Wish-fulfillment, or "wishful thinking", is a danger to reasonable religion.
Wikipedia says,
“Wishful thinking is the formation of beliefs and making decisions according to what might be pleasing to imagine instead of by appealing to evidence, rationality or reality.
Studies have consistently shown that holding all else equal, subjects will predict positive outcomes to be more likely than negative outcomes.”
This relates to the common, human optimism bias, and the logical fallacies of false relevance known as the appeal to emotion and the appeal to consequences.
The problem could be summed up as being: “filling gaps in your knowledge with emotionally satisfying answers rather than necessarily true ones”.
As one person said on a podcast that I heard recently, “Science, if it does anything well, is very good at throwing cold water on human self-importance.”
Here are some questions to consider:
Q: Do you feel that not knowing something is a problem?
Q: Would you feel uncomfortable with a worldview that doesn’t provide “all the answers”? Or, rephrased, do you think that if a worldview can’t provide “all the answers” that this is a black mark against it?
For example, some Big Questions(TM) might be:
“Why is there something rather than nothing?”
“What happens after we die?”
“What is ‘The Meaning Of Life’?” (notice the capitals)
If we just don’t know how the universe was formed (or anything "prior" to the Big Bang)... would that be a problem?

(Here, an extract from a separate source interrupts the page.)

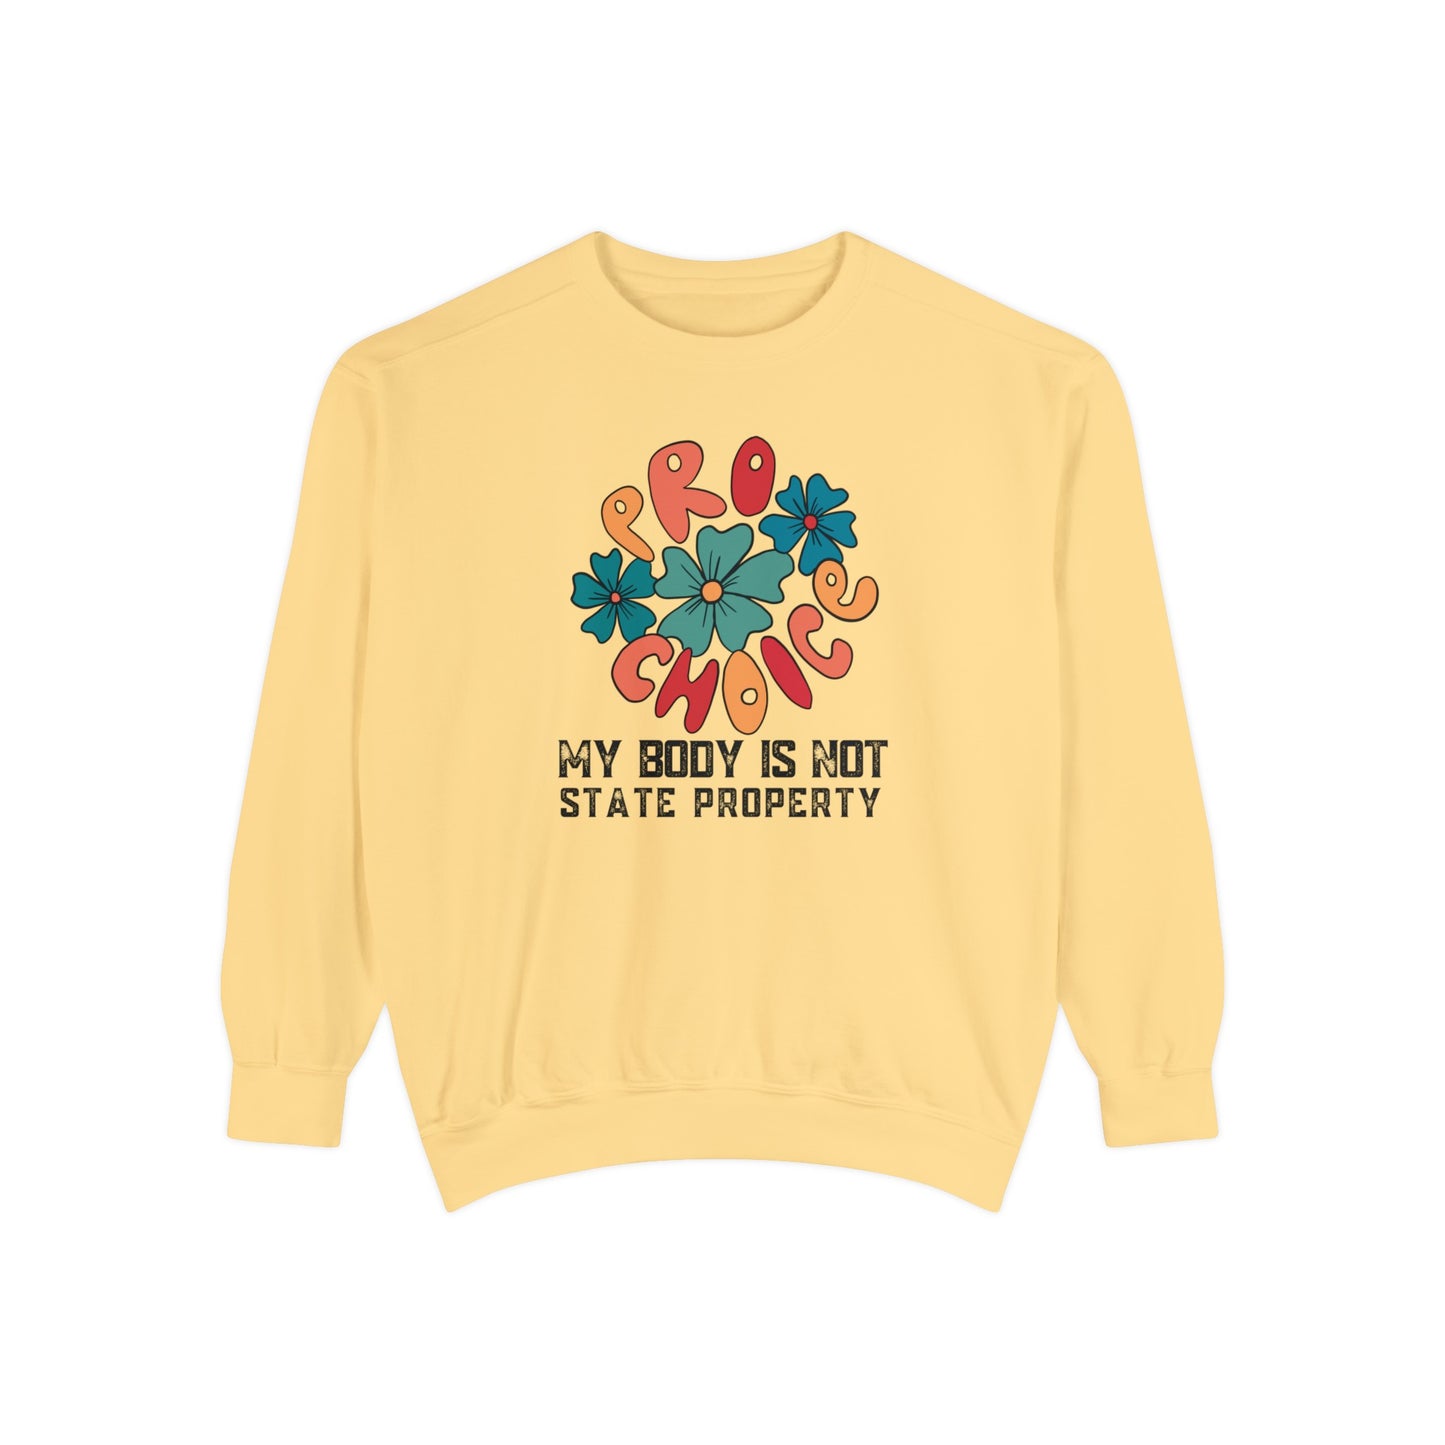 Butter color CC 1566 pro-choice sweatshirt

If we just don’t know if an afterlife exists or not... would that be a problem?
If we just don’t know how to determine any one absolute Meaning to life... is that a problem?
If the facts available to humanity simply does not allow absolute confidence in any of these questions, if indeed any answers at all, is uncertainty really so terrible?

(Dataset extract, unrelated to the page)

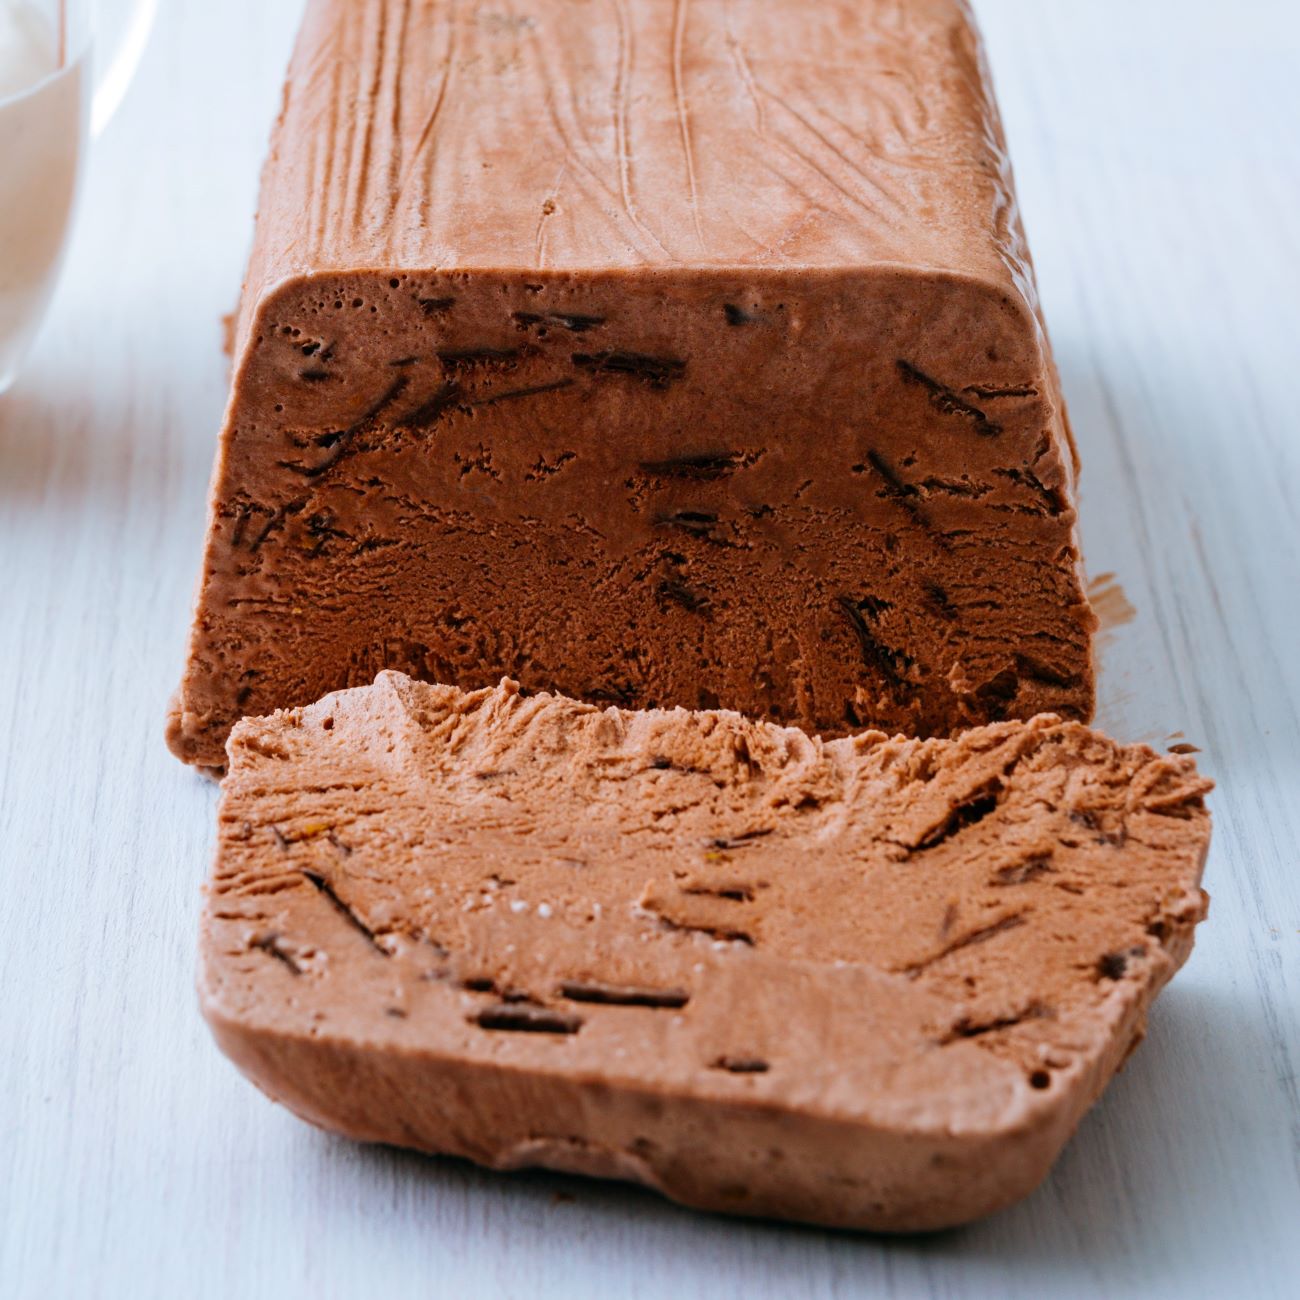 Čokoladni parfait je prikazan razrezan na belem lesenem krožniku.

To provide more examples, there are some other ways in which one might appeal to the argument from emotion or use wishful thinking in religion:
In wanting - and thus believing - in some kind of Ultimate Justice to get payback against evil that prospers in this life.
In wanting - and thus believing - in some kind of Ultimate Comfort because life can be very difficult.

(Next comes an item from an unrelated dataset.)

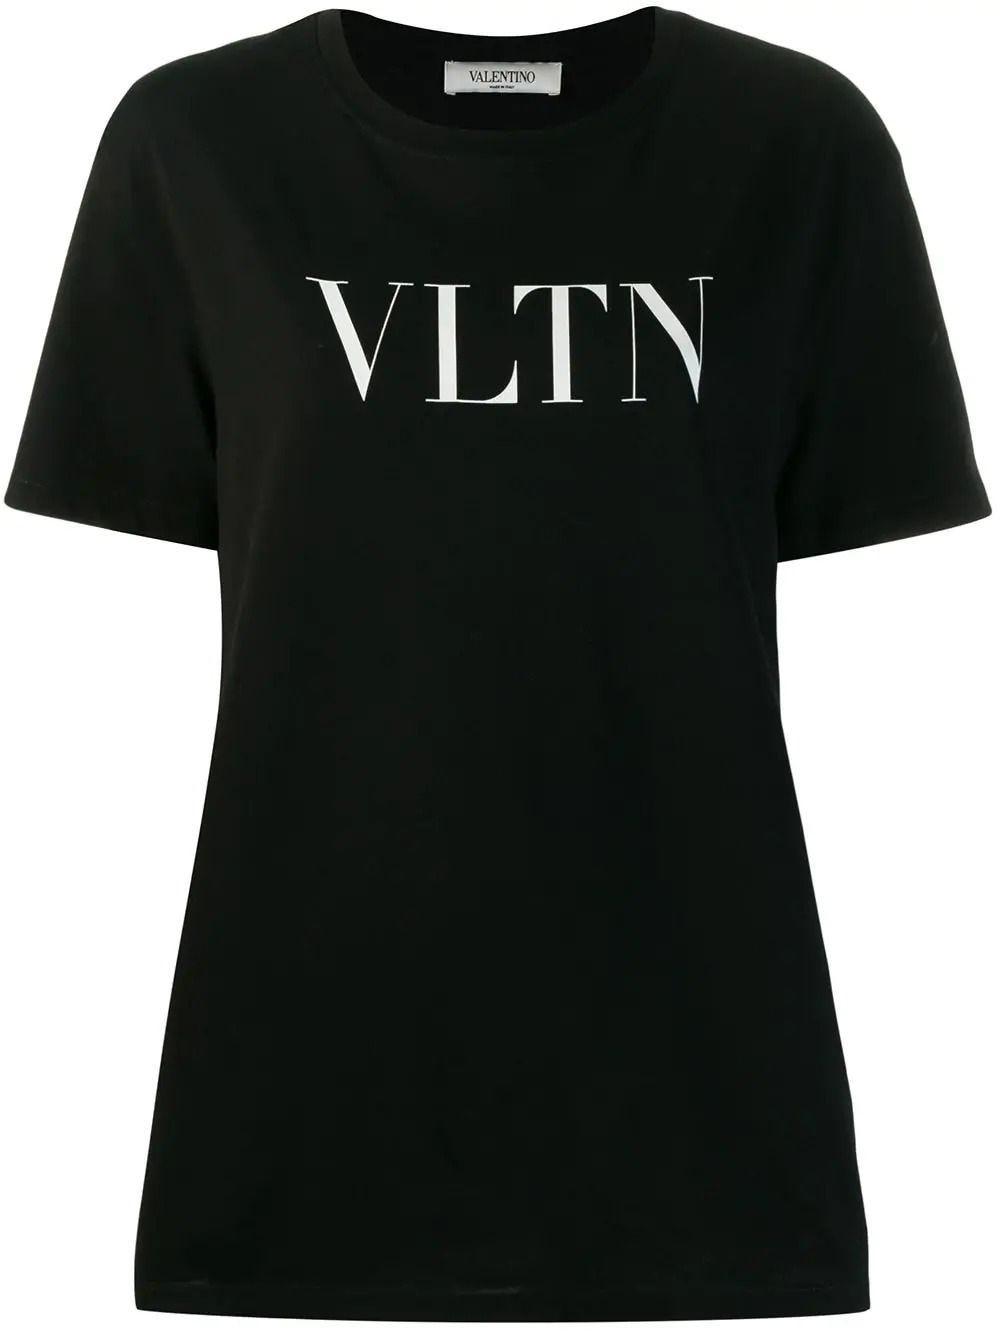 Valentino Cotton Vltn T-shirt in Black - Save 69% - Lyst

In wanting - and thus believing - in some kind of Ultimate Love because sometimes we feel unloved.
This is not to say that any of these things are untrue, but what it means is that they are not going to be true purely based on your desire for them to be the case. The world does not conform itself to our desires, after all. Wishful thinking says absolutely nothing about the truth or falsity of the issue at hand, it only reveals something about the person doing it. It is irrational to believe something based on nothing (or you could believe anything and everything, arbitrarily) and I think that you owe it to yourself to make your foundations more secure than that.
One perspective is that, by relying on wish fulfillment, you tear down your own self-esteem and place it in the hands of an otherwise unexamined belief set. That’s a risky gambit and it doesn’t guarantee that you will end up holding beliefs that mirror reality.
Ask yourself: If you hold a particular belief, what have you done and how have you investigated it to ensure that your belief is actually true?
For those who are interested in the philosophy of Wishful Thinking and want to be able to spot it, it goes like this:
P1) X is nice/comforting/satisfying.
P2) Belief A doesn’t provide X.
P3) Belief B does provide X.
C) Therefore, on no other basis than P1-3, one ought to believe B.
After careful, honest reflection, do you think that any of your beliefs might be at least partly grounded in wishful thinking?

3 comments:
I don't know about wishful thinking, but this post has certainly "got me thinking". I'm increasingly finding that many people I follow publish similar ideas to me or on similar topics. Surpise surprise.
I've got notes for a post on "Do I want there to be a God?" which I will now add your link into. :)
haha great topic, I look forward to reading it :D
If you ask Christopher Hitchens, he'd probably think that the answer to that question when given by an atheist is the difference between an atheist (doesn't believe) and an anti-theist (doesn't believe and doesn't want it to be true anyway). Maybe?